Money and commodities are not the same thing, so the circulation of money and commodities is inherently subject to breakdown. At any time, the holders of cash may not decide to purchase commodities at going prices and instead hoard it. Then those selling commodities must cut prices or even go bust. Many things can trigger this breakdown in the exchange of money and commodities, or in money for financial assets like bonds or stocks—fictitious capital, Marx called it. And it can happen suddenly.

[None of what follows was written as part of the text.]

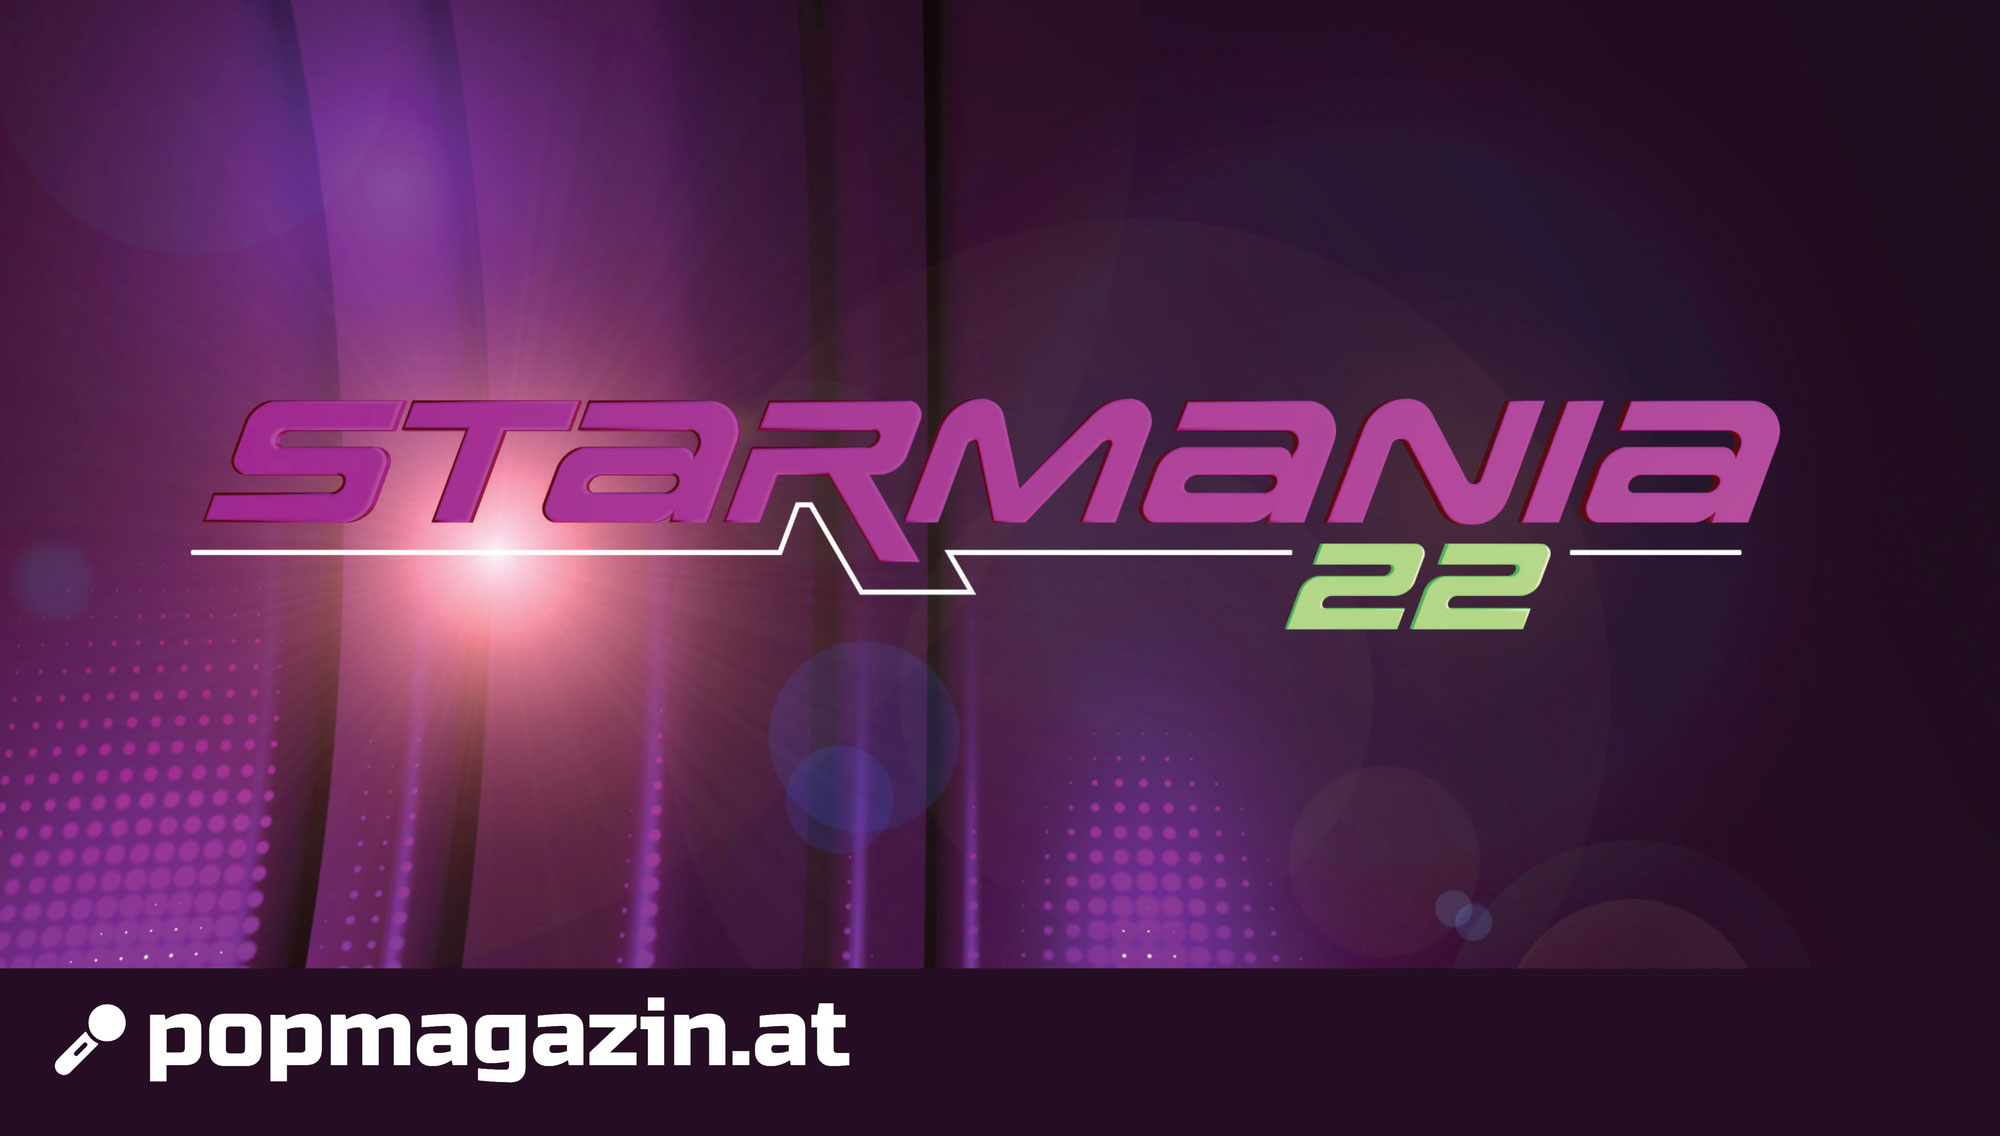 Der ORF sucht neue Popstars: Hier kannst du dich für Starmania22 bewerben!

But the main underlying cause will be the overaccumulation of capital in the productive sectors of the economy or, in other words, falling profitability of investment and production. The tech companies’ customers at SVB had begun to lose profits and were suffering a loss of funding from so-called venture capitalists (investors in start-ups) because the investors could see profits falling. So that’s why the techs had to run down their cash deposits. This destroyed SVB’s liquidity and forced it to announce a fire sale of its bond assets. Alongside that interest rates rose increasing the cost of borrowing. This ‘liquidity’ crisis is now brewing in the real estate sector and in banks with large bond debts.
So the banking crisis is not over yet. Indeed, some argue that there could a rolling crisis that lasts for years–echoing what happened during the U.S. [1980-90s savings and loan] crisis.
What is certain is that credit terms are tightening, bank lending will drop and companies in the productive sectors will find it increasingly difficult to raise funds to invest and households to buy big ticket items. That is going to accelerate economies into a slump this year. The bold optimism expressed before March that recession will be avoided will prove to be unfounded. Only last week, the Federal Reserve’s own forecasts for U.S. economic growth this year were lowered to just 0.4%, which if met would mean at least two quarters of contraction in the middle of this year.
And if the current banking crisis becomes systemic, as it did in 2008, there will have to be ‘socialization’ of the losses suffered by the banking elite through government bailouts, driving up public sector debts (already at record highs); all to be serviced at the expense of the rest of us through increased taxation and yet more austerity in public welfare spending and services.